In most rural areas, women have to wear clothing that covers the legs. Showing too much leg can result in a woman being called the local word for "whore". In urban settings it is more likely to find women who work and have a career. Although opportunities are becoming more varied, salaries and room for growth tend to be limited.

Walking over versus around any bowls or pots (especially those containing food) is considered rude. Spending time in silence versus conversation is often times also interpreted as rude. Men almost always wear long pants, even in the hottest weather; shorts are a sign of being a child.

Meeting & Greeting

Among men, a handshake is appropriate in most situations. Handshakes tend to be energetic and very often linger a bit. To express extra deference, the hand-shaker may lightly grip his hand-shaking forearm with the opposite hand. Many times men will hold hands with other men, and often the handshake is prolonged into this hand-holding. This does not have any implication on their sexual preferences; it's just a sign of friendship and closeness.

As for greetings among women, a handshake and/or nod of acknowledgment is appropriate in most situations. If you would like to show great respect you may also place your left hand over your right elbow/forearm when handshaking. Many times women will hold hands with other women, and often the handshake is prolonged into this hand-holding.

Appropriate greetings between men and women depend on the nature of the relationship and region. A handshake is usually appropriate but it is best to wait for the woman to extend her hand, otherwise a bow or a nod of acknowledgment will suffice.

Remember to always use your right hand when shaking hands.

Communication Style

Ugandans tend to communicate more indirectly than directly.
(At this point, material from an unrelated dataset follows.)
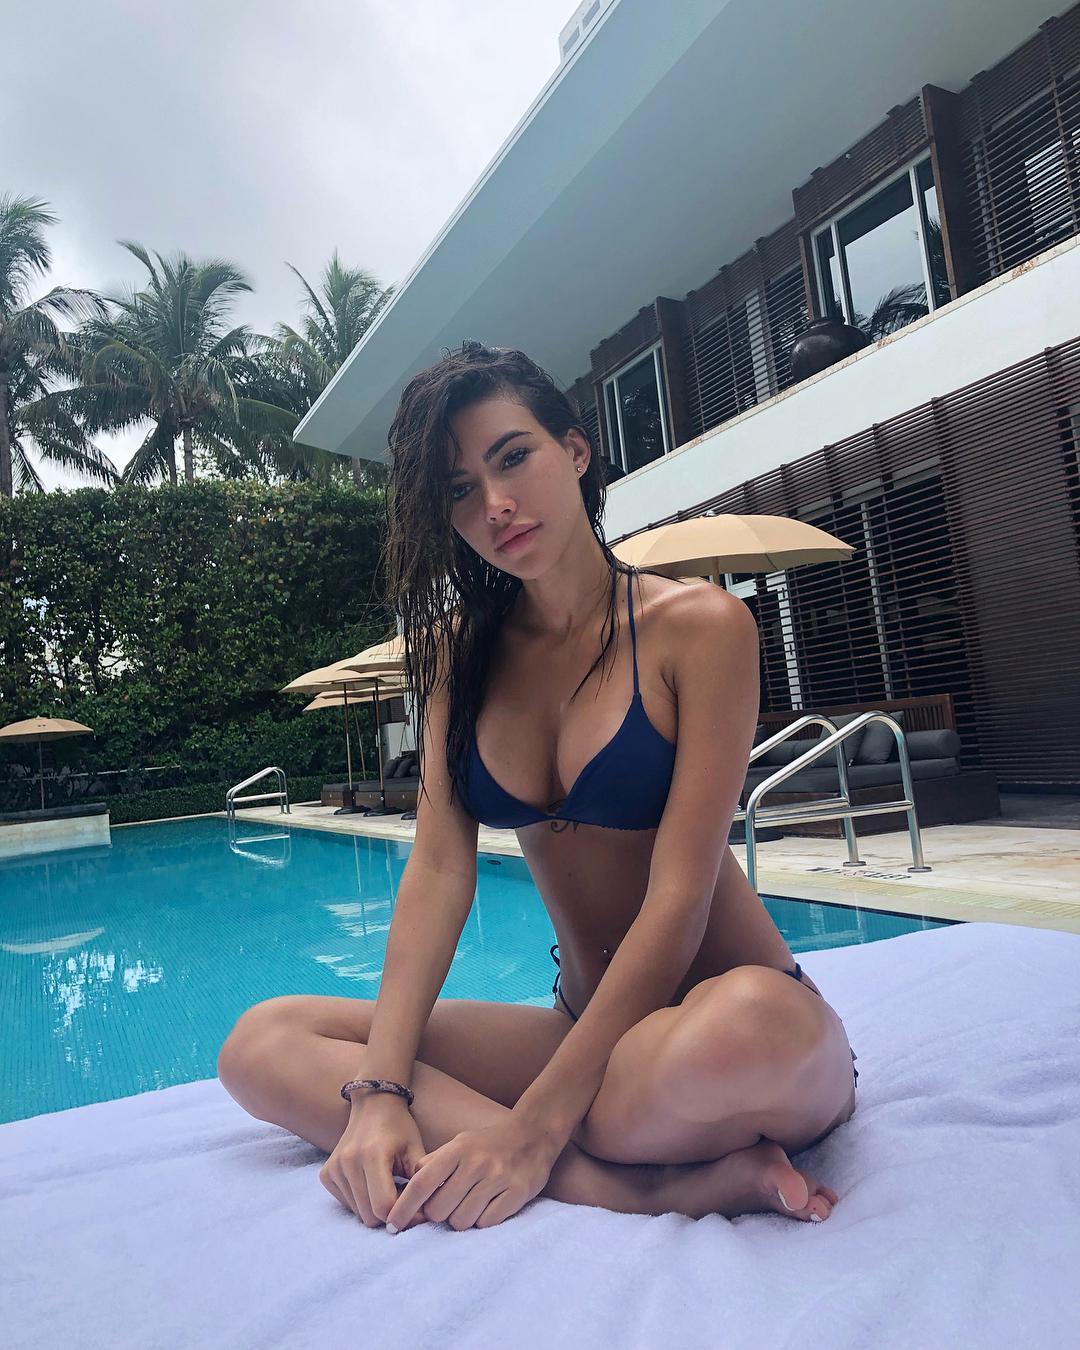 Michelle-Sander-Feet-4193457

Stories, proverbs, and the like are common means of expressing a point indirectly and require the implicit knowledge of the listener. Greetings and a good amount of small talk almost always occur before talking about business.

Feelings tend to not be accurately expressed between adults and sometimes one can get the feeling of being fawned upon with false happiness, or being lectured by a false sternness.
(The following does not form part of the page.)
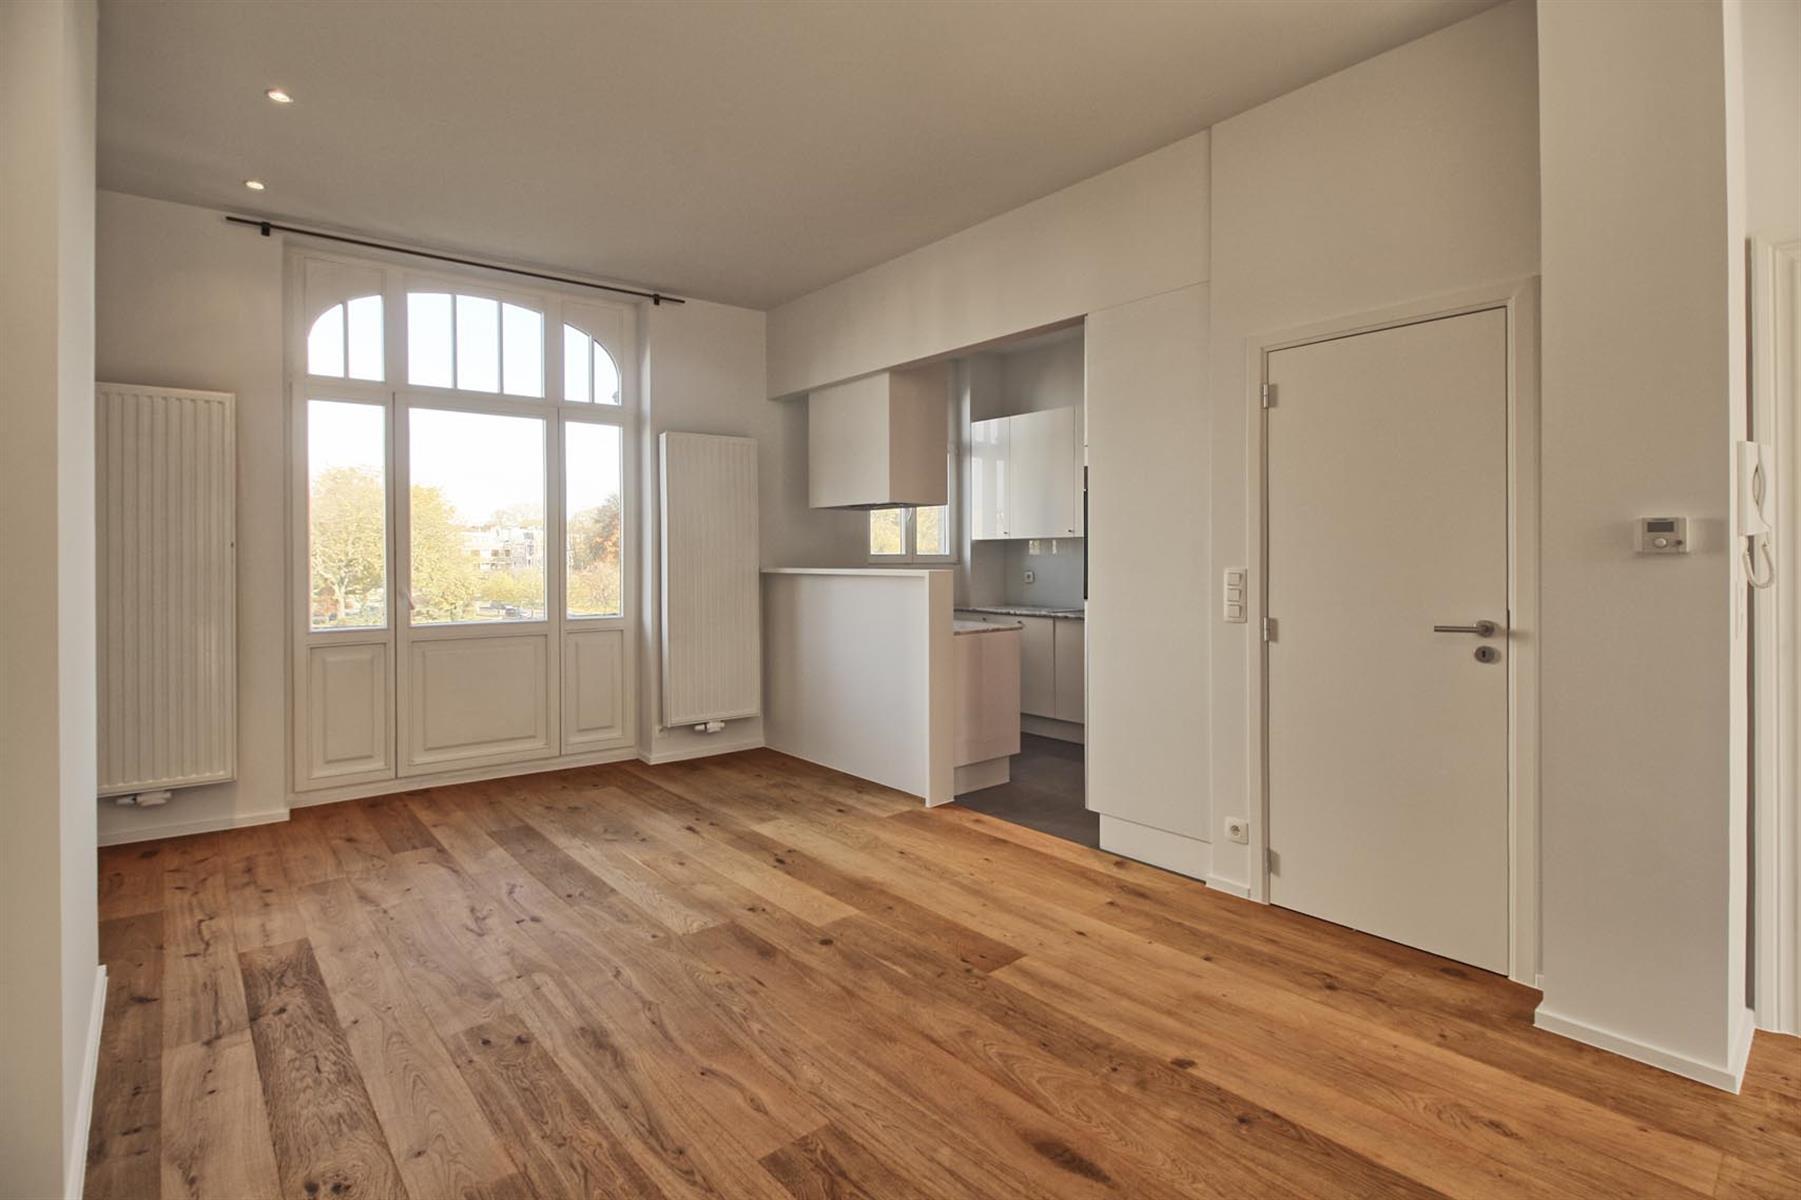 Appartement - Schaerbeek - #4289658-1

Humour plays a big role in communicating and most Ugandans enjoy a good joke. However, it is best to avoid sarcasm as it may not translate well, if at all.

Personal space tends to be very minimal in Uganda. People often talk very close to each other and less than an arm’s length of space is common. On public transportation, personal space is limited to non-existent. It is common to see people crowed into a bus or taxi with no space in between. This tends to be the case more in rural areas vs. urban.

When two people of the same sex are talking, touching is acceptable. It is common to touch the hands, arms, and shoulders. However, when two people of the opposite sex talk there is very little to no touching. The only appropriate touch is usually a handshake.

Generally, people prefer indirect eye contact. This does not mean you can’t look at somebody directly, but continuous eye contact during conversations is not a must. Overly direct eye contact can be considered aggressive by some. Women and children often will look down or away when conversing with men or with elders.

Gestures

When gesturing or beckoning for someone to come, you should face your palm downwards and make a scratching motion with the fingers. It is rude to point at people as pointing is reserved for dogs, so usually the whole hand/arm is used.

Holding the palm upwards and then motioning in a small flick downwards (like throwing a yo-yo) has a variety of vague meanings. It could be questioning "What's up?" " What?"; apologising "Sorry, what can I do?"; filler "You know."

Pointing fingers upwards and rubbing the thumb along the fingertips is the sign for money.

Dining Etiquette

Etiquette is important at family meals. When a meal is ready, all the members of the household wash their hands and sit on floor mats. Visitors and neighbours who drop in are expected to join the family at a meal. Normally a short prayer is said before the family starts eating. During the meal, children talk only when asked a question. It is considered impolite to leave the room while others are eating. Leaning on the left hand or stretching one's legs at a meal is a sign of disrespect. When the meal is finished, everyone in turn gives a compliment to the mother.